Below are the latest Quickscribe additions for new annotations to BC legislation.
Quickscribe 2.0 is an easy and effective way to research, track and collaborate on BC legislation. If you haven't explored, there's a free trial.

Primer on Saskatchewan Legislative Research

It's nice to see law librarian super-blogger Alan Kirkpatrick contributing to VALL Review! In the most recent edition, Alan wrote a short primer on Saskatchewan legislative research, which he's reproduced in full over on his Library Canuck blog.

These seven topics are covered:
  • Court Rules
  • Provincial Point-In-Time Research
  • Legislative Assembly Website
  • Legislative materials
  • Continuing Legal Education
  • Law Society of Saskatchewan Library
  • Additional Resources
Yes, this is a great excuse to visit Alan's blog & put it on your reading list.

Friday, June 02, 2017

Libraries as Friction Points

David Whelan has an inspiring post up this week, titled, Gatekeeper to a Thousand Gates.

The focus of David's discussion isn't necessarily on Law Libraries, though it's a lesson that anyone providing information to a targeted community would do well to listen to. In a fairly detailed example of the digital book sign-out process at his local public library, David describes the delicate balance that libraries must maintain between enabling access to information vs. putting up unintended additional barriers.

In the context of providing 'free' access (or communally paid for access) to licensed content, I think David has it right. Libraries focus on creating an ecosystem that's easy to use, but often end up putting up barriers; and I would add, the publishers themselves don't always make it easy for libraries to act as gatekeepers for paid services.

There is also a bit of an optics issue here. While public libraries often give the impression that the information they deliver is "free access", and publishers certainly do see this kind of access as competition, taking away from their paid product, these types of services are hardly free.

David's concept of "friction points" alone identifies the user's time investment as a soft cost to accessibility. Libraries can try to reduce this friction, but it's hard to imagine a situation where the library service is actually easier than purchasing the product. Which leads me to this question: Has it ever been easier? Is signing up for a library card and wait-listing for a popular piece of fiction any easier than going to the bookstore?
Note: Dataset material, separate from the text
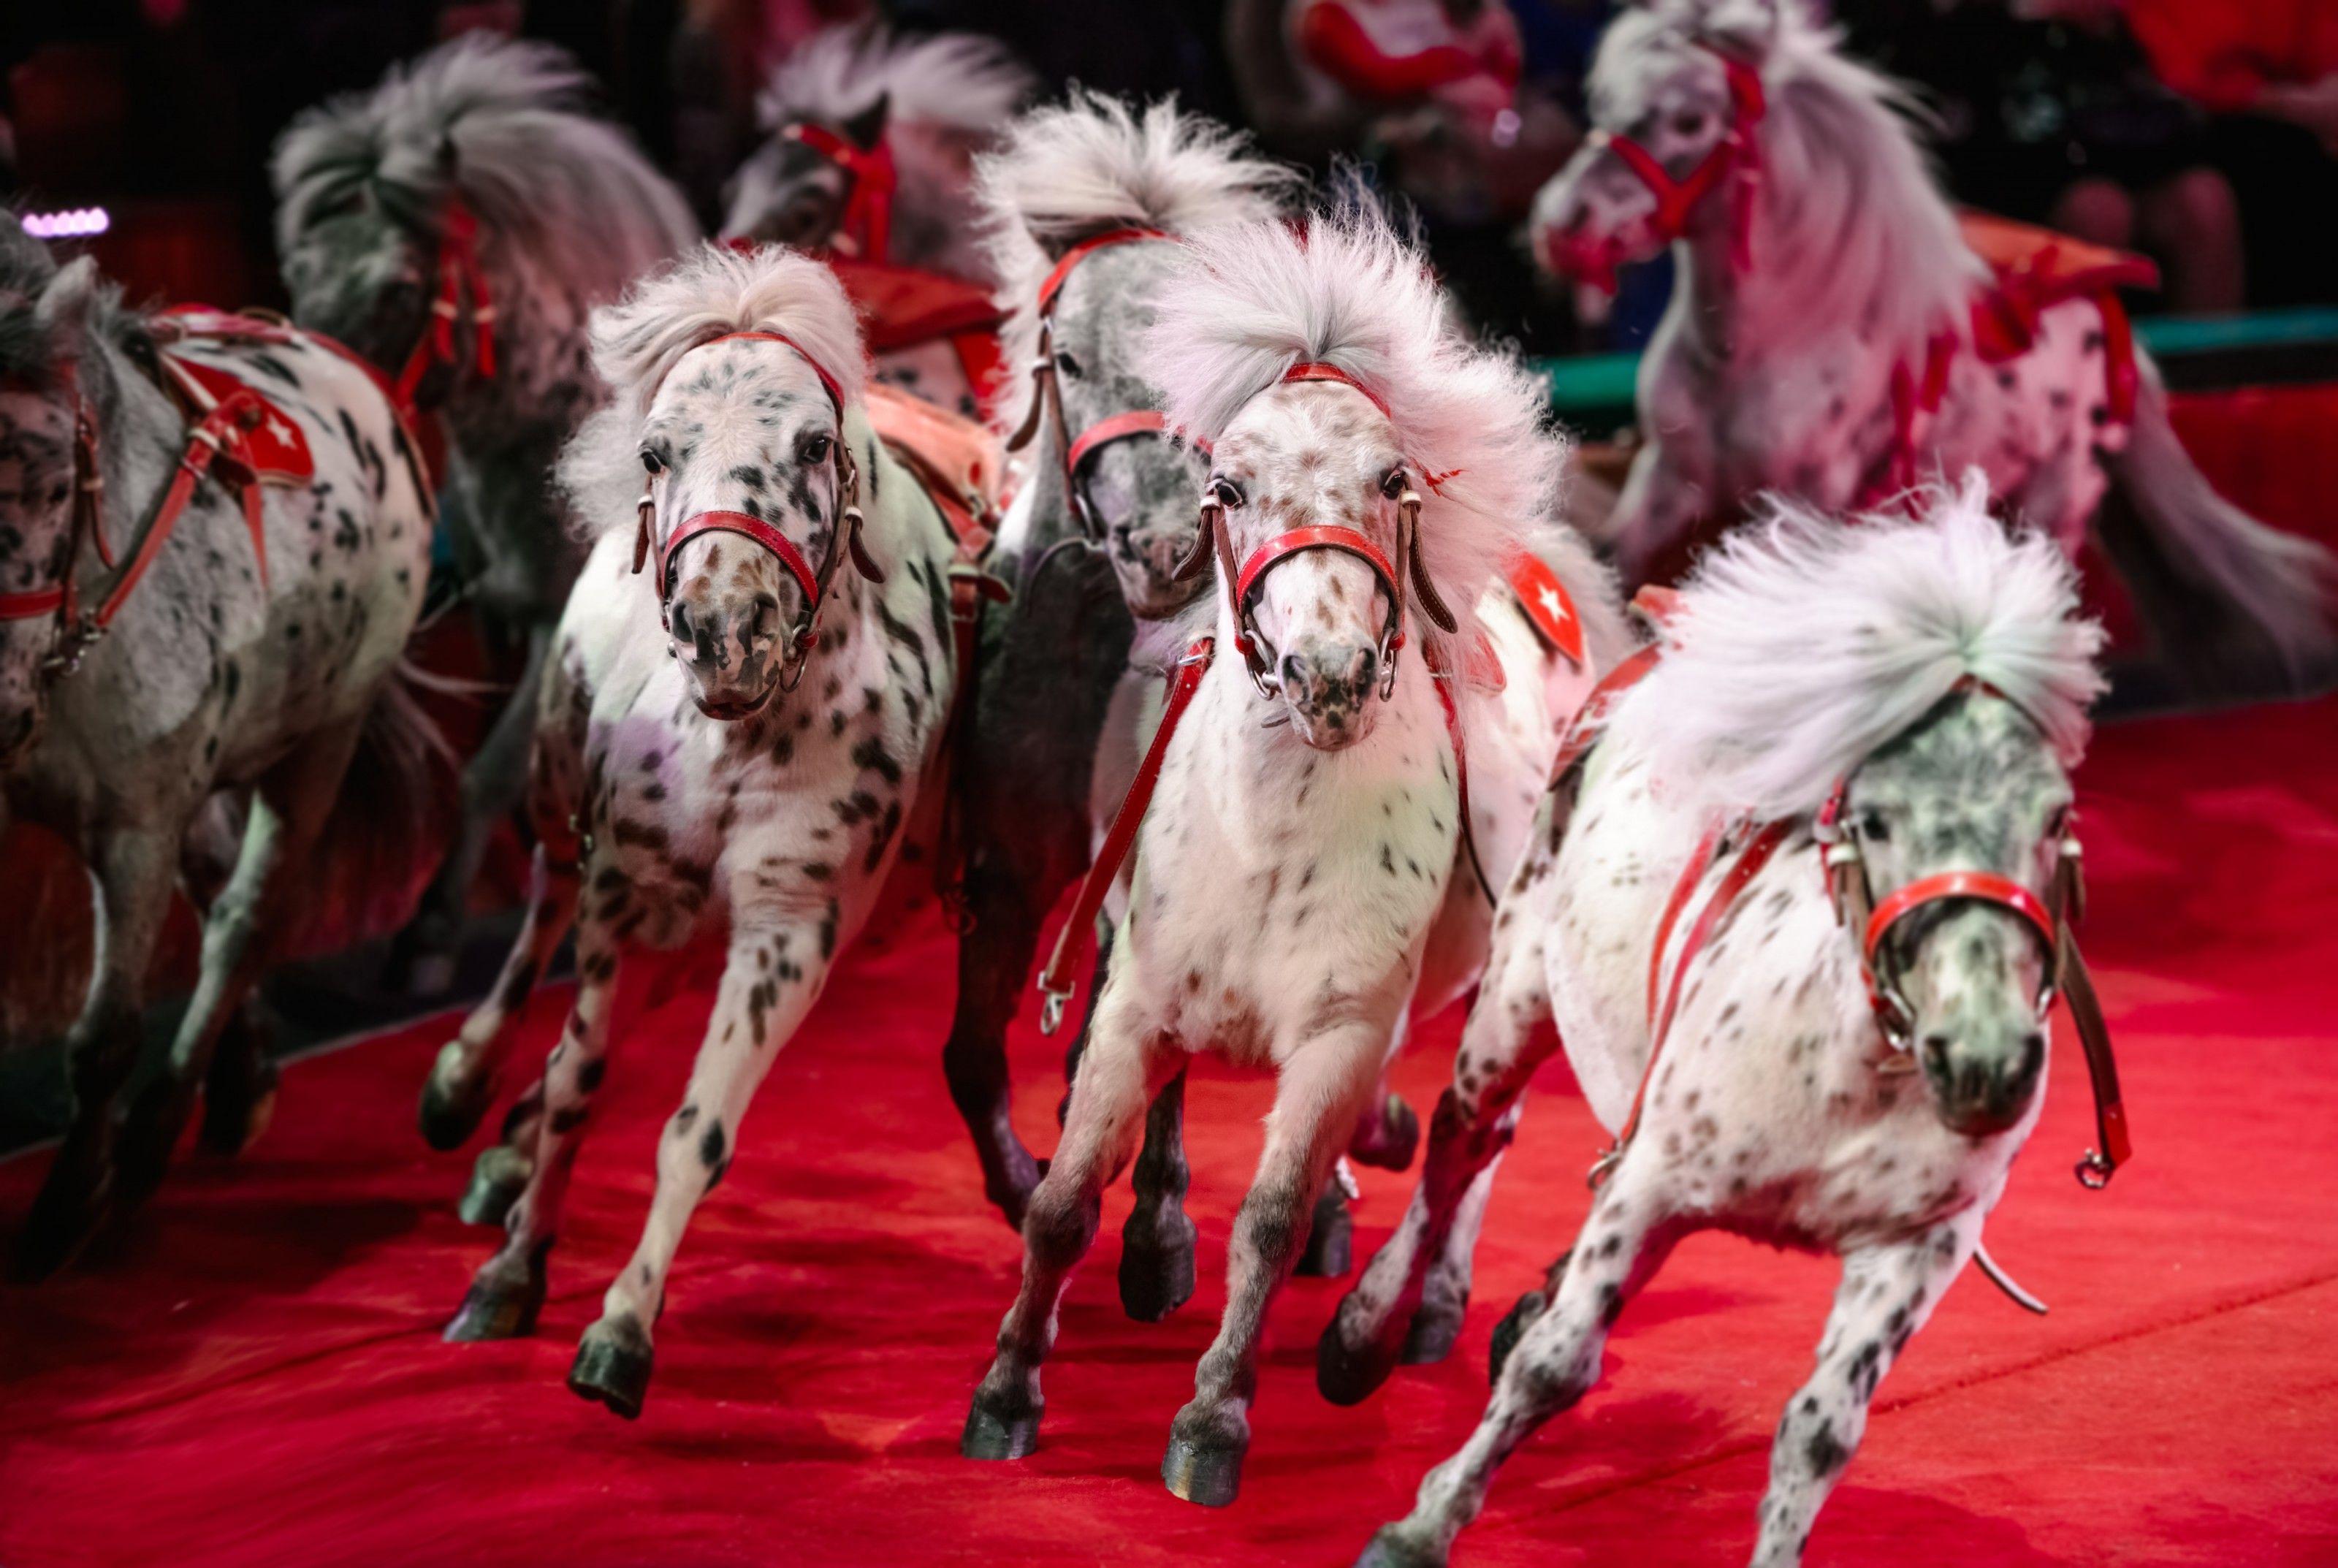 Vom Zirkus in die Freiheit: Warum ausgebrochene Tiere in Panik geraten | National Geographic

Don't get me wrong, Libraries can reduce the friction to digital borrowing services, as David describes. We can. I suspect we can get much closer using digital tools than we ever could with paper media. But I don't think we can directly compete with publishers. To be honest, I don't think publishers are motivated to make it easier for libraries (but that's a discussion for another day).

For me, really, all library services need to do is get close. If libraries can offer a reasonable alternative, especially when the original material or service doesn't have ROI for a user or group, then close is good enough.